Benchmarking Super-Resolution Algorithms on Real Data


Capturing ground truth data to benchmark super-resolution (SR) is challenging. Therefore, current quantitative studies are mainly evaluated on simulated data artificially sampled from ground truth images. We argue that such evaluations overestimate the actual performance of SR methods compared to their behavior on real images.

Toward bridging this simulated-to-real gap, we introduce the Super-Resolution Erlangen (SupER) database, the first comprehensive laboratory SR database of all-real acquisitions with pixel-wise ground truth. It consists of more than 80k images of 14 scenes combining different facets: CMOS sensor noise, real sampling at four resolution levels, nine scene motion types, two photometric conditions, and lossy video coding at five levels. As such, the database exceeds existing benchmarks by an order of magnitude in quality and quantity. This paper also benchmarks 19 popular single-image and multi-frame algorithms on our data. The benchmark comprises a quantitative study by exploiting ground truth data and qualitative evaluations in a large-scale observer study. We also rigorously investigate agreements between both evaluations from a statistical perspective. One interesting result is that top-performing methods on simulated data may be surpassed by others on real data. Our insights can spur further algorithm development, and the publicy available dataset can foster future evaluations.


The images were captured with a monochromatic Basler acA2000-50gm CMOS camera to avoid subsampling introduced by a Bayer pattern and are stored in PNG format (8 bit, grayscale). Each sequence has 40 frames and is available in 4 spatial resolution levels using hardware binning: original (2040×1080), 2×2 binning (1020×540), 3×3 binning (680×360), and 4×4 binning (510×270). The sequences cover multiple types of camera and object motion. Furthermore, besides the regular sequences (inliers), we also provide the same sequences with photometric outliers (5 of 40 frames were captured with significantly less light in the scene) and video compression using H.265/HEVC coding (4 compression levels).

In the future, this data set will be gradually extended by more grayscale sequences, full color sequences, and more motion types.

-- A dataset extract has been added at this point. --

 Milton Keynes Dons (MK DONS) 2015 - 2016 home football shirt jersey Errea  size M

The sequence for 14 scenes including all motion types, all resolution levels, all compression levels, and both inliers and outliers can be downloaded by clicking on the respective sequence name (~2.5 GB per sequence).

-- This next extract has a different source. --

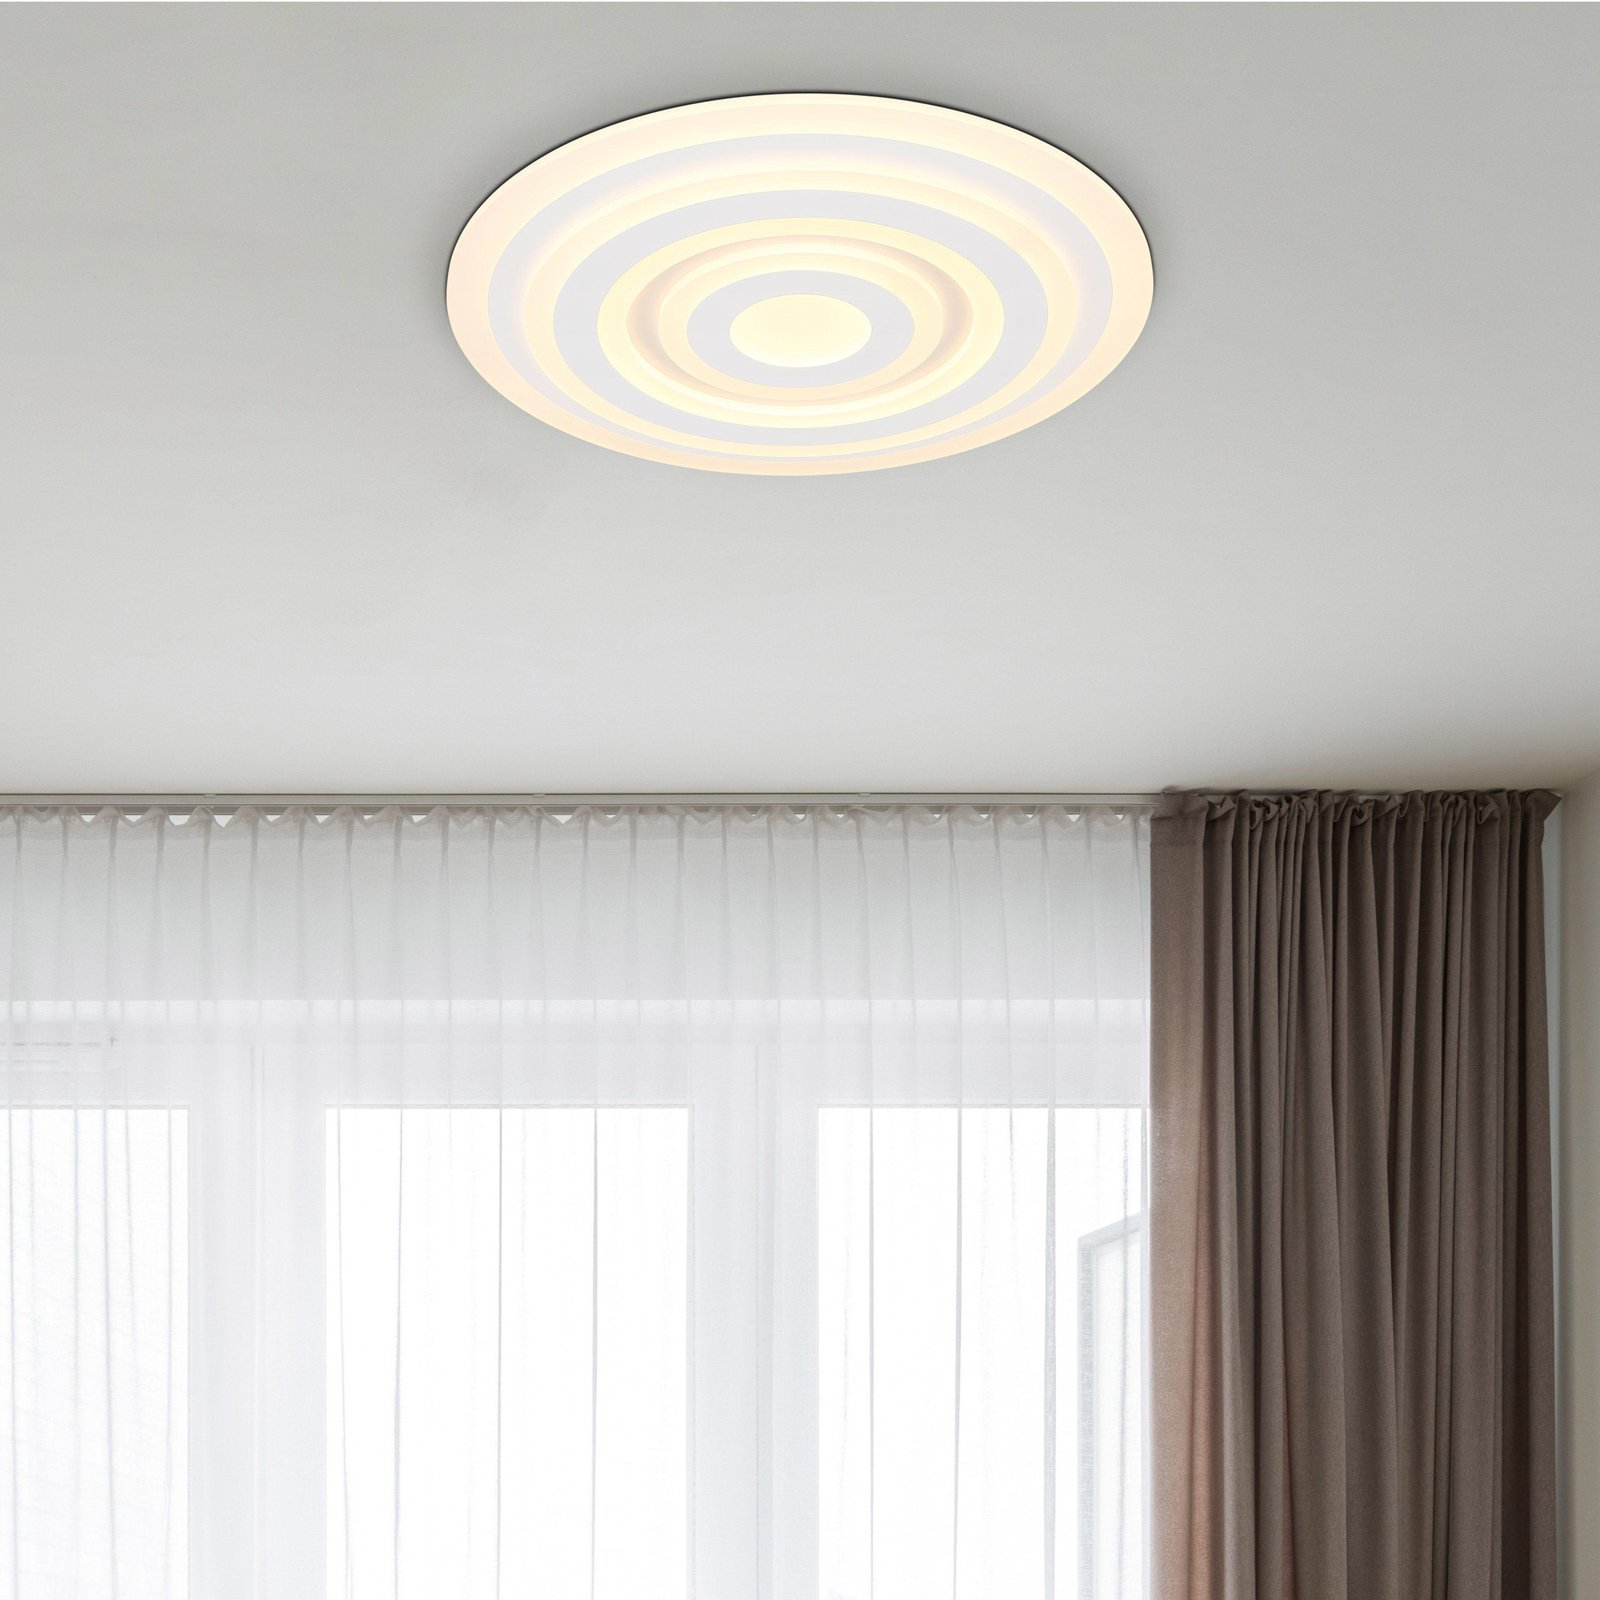 LED-Deckenleuchte Alois, weiß, Ø 49 cm, Metall/Acryl

Banknotes Books-and-papers Bookshelf Coffee Dolls
Games Globe Globe-fast Loader Newspapers
Pencils Porsche Tea-bottles Truck-budha-duck

Benchmark Results

All evaluation results including our quantitative study as well as the human observer study are available here

Source Code

Our source code including all evaluation protocols and implementations of the benchmarked SR algorithms is available at github

Extending the Benchmark with New Algorithms

We encourage other authors to validate their SR methods on the SupER database to broaden our benchmark with novel algorithms. Future evaluation results will be published in our result section. If you would like to contribute and include an own algorithm, please contact us. In general, we currently support two options to publish new results using the evaluation framework:

  • Option 1: You run the benchmark yourselves using our evaluation scripts. We will review your submitted results and publish them accordingly.
  • Option 2: You provide a wrapper function for the source code of your algorithm (potentially with 3rdParty dependencies and required training scripts in case of learning-based methods). We include your method to the benchmark and run the evaluation on our servers.

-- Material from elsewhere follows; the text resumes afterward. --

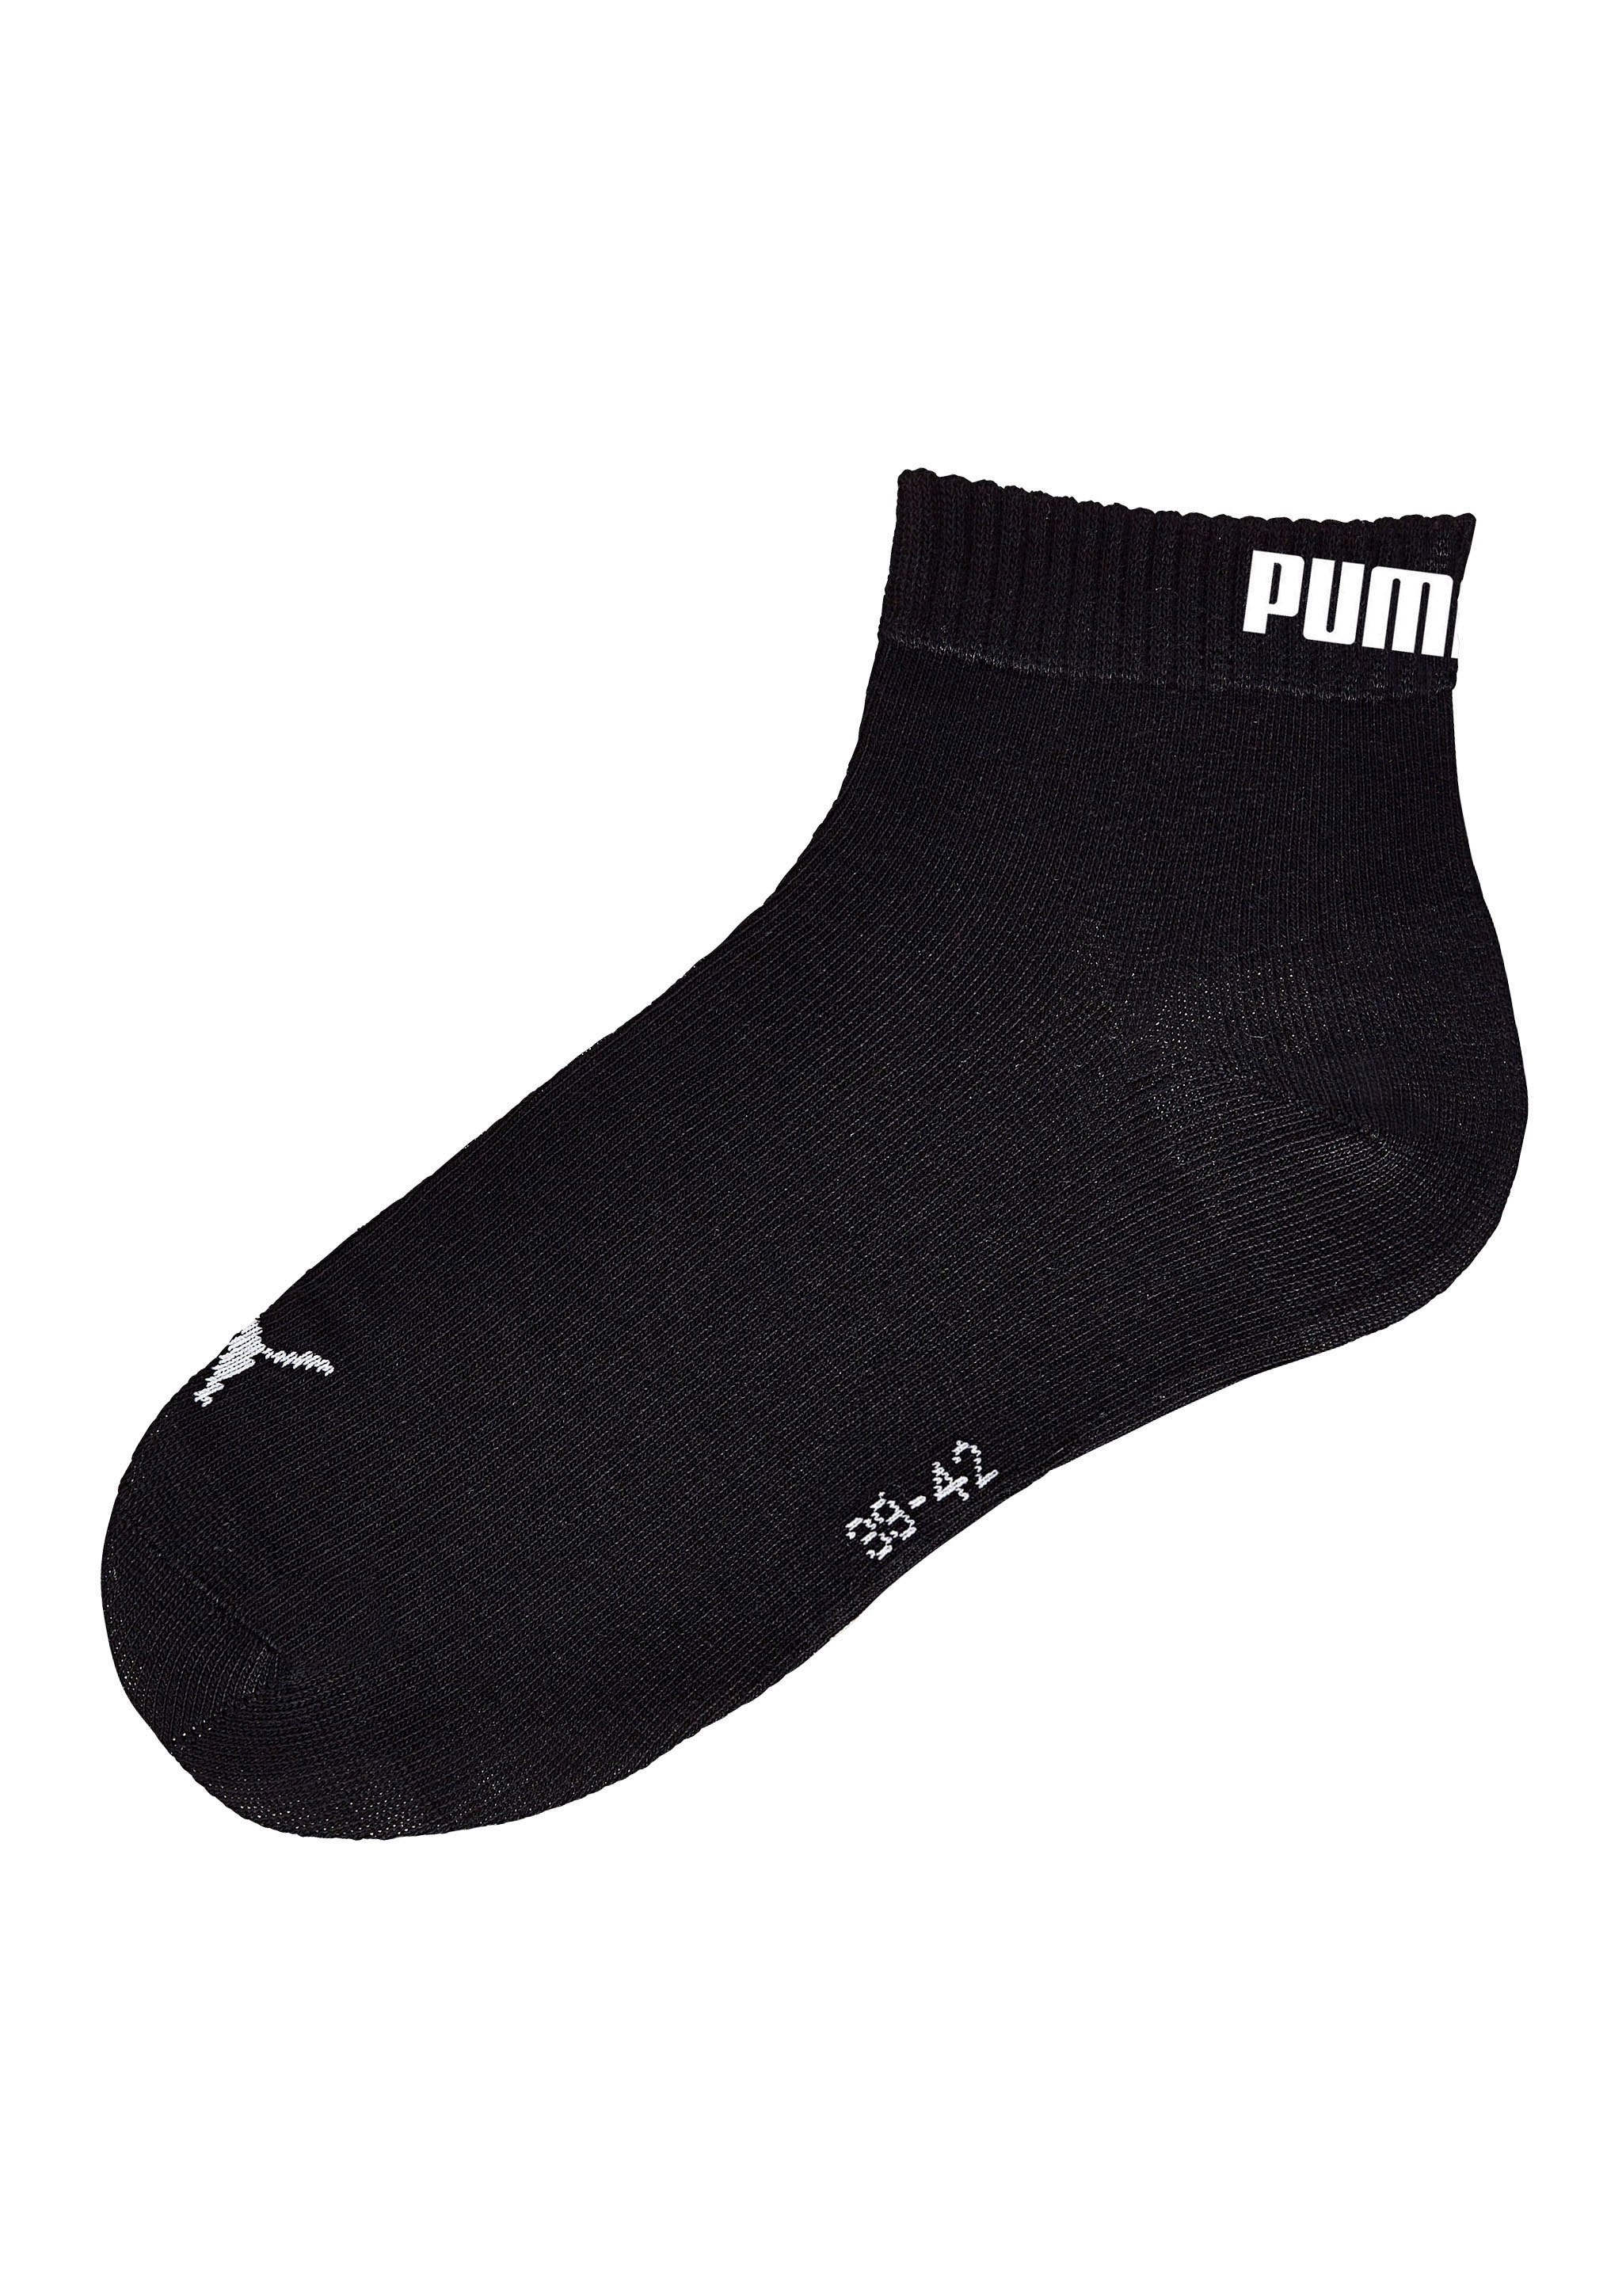 bestellen Puma bequem Socken online

To facilitate reproducibility, we ask you to provide (a reference to) the source code of your algorithm that was used to obtain the benchmark results.


If you use our data, results or evaluation protocols in your research, please cite our publications:

  • T. Köhler, M. Bätz, F. Naderi, A. Kaup, A. Maier and C. Riess. „Toward Bridging the Simulated-to-Real Gap: Benchmarking Super-Resolution on Real Data,“ in IEEE Transactions on Pattern Analysis and Machine Intelligence (to appear). doi: 10.1109/TPAMI.2019.2917037 [PDF]
  • Thomas Köhler, Michel Bätz, Farzad Naderi, André Kaup, Andreas Maier, and Christian Riess. „Benchmarking Super-Resolution Algorithms on Real Data“, arXiv preprint arXiv:1709.04881, 2017 [PDF]


Michel Bätz

Thomas Köhler


Quantitative Study

Here, we provide the results of our quantitative evaluations including SR images and image quality measures. The results can be downloaded separately for the different algorithms. Each algorithm can be identified by its ID. The ground truth data is accessible via ID = 0. See our evaluation framework for details on how to analyze these results.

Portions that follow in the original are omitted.